Here’s another attempt at using the iPad 2 and the TimeLapse HD app to create a timelapse video. This one consists of stills taken every 5 seconds from a rooftop in Windhoek, Namibia. There is a bit of flicker toward the end as the ipad adjusts to the changing lighting. I’ll have to see whether there is a way to shut that off.
As I continue to look for ways to make my iPad useful beyond being a lightweight web browser / game console, I came across a handy app for creating timelapse videos: the aptly named Timelapse Camera HD. This elegant and simple app lets you set an interval between photos, the frame rate, choose front or rear camera, and several other settings. You put your iPad in place – this is actually the trickiest part, as you can’t zoom and may find that even a light breeze will jiggle the iPad – and simply tap the “record” button. While it’s recording, you can occupy yourself calculating how much footage you’ll be getting (by knowing how many frames per second you’re recording, and calculating how many seconds you’ll end up with based on your interval). When you’re done, you tap “stop” and in just a few seconds, the app will render a finished video which you can immediately review, and then save.

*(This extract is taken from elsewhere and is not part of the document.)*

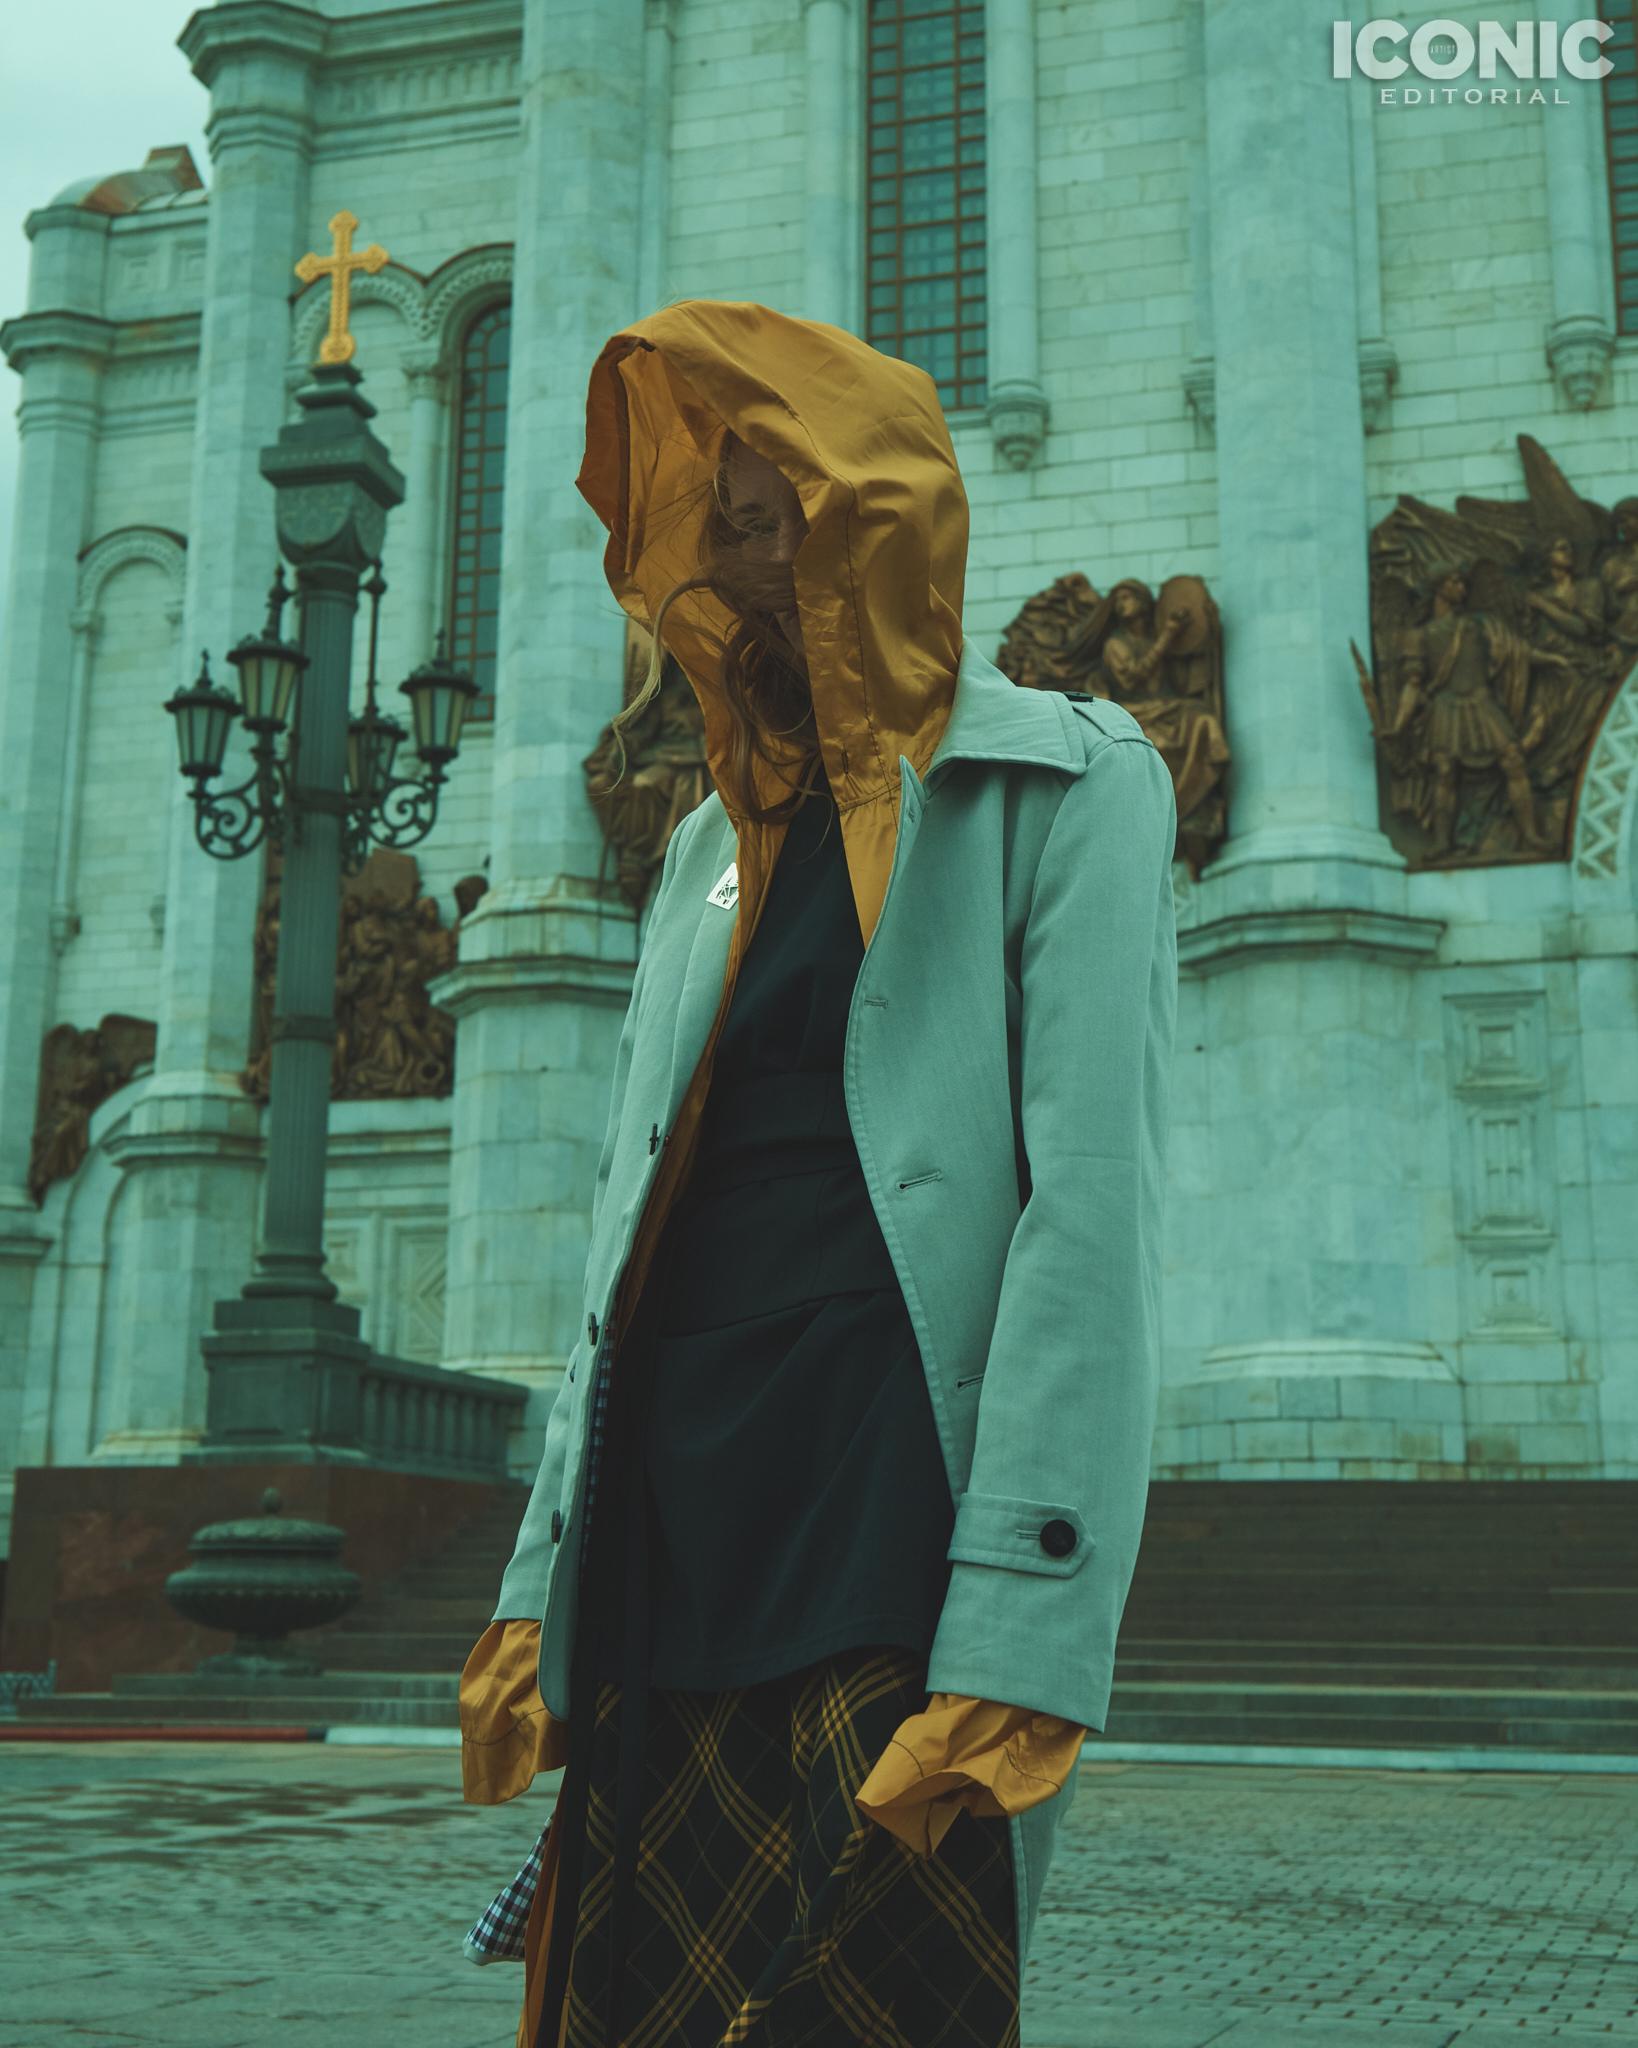 14/15  Jacket |  @artemshumov  Sweater |  @pingpongclubmoscow  Cape |  @crimescene_official  Dress |  @lenamaksimova.brand   © Alej Fernández

Since you’re likely to want a video that’s landscape-oriented, it’s important to turn your iPad on its side. The stills will show up sideways during the recording process, but in the end everything turns out fine.
The down side of the app is that you can’t export it to Windows Movie Maker for further editing. I also tried Adobe Premiere Elements, and while the file seems to import successfully, it ends up corrupted within the editor. I assume it works seamlessly on iMovie or other mac-based editing programs. So to string together a series of short clips (and edit out the parts where I might have inadvertently moved the iPad) I used the separate iMovie app for the iPad. iMovie has its own limitations, but for $4.99, it’s hard to complain.
Also, it makes a difference whether you’re using the front or rear camera – one records in wide format, while the other records in standard. I assumed they’d be the same, and used front or rear depending on whether it would be easier to lean the iPad toward, or away from the scene being recorded.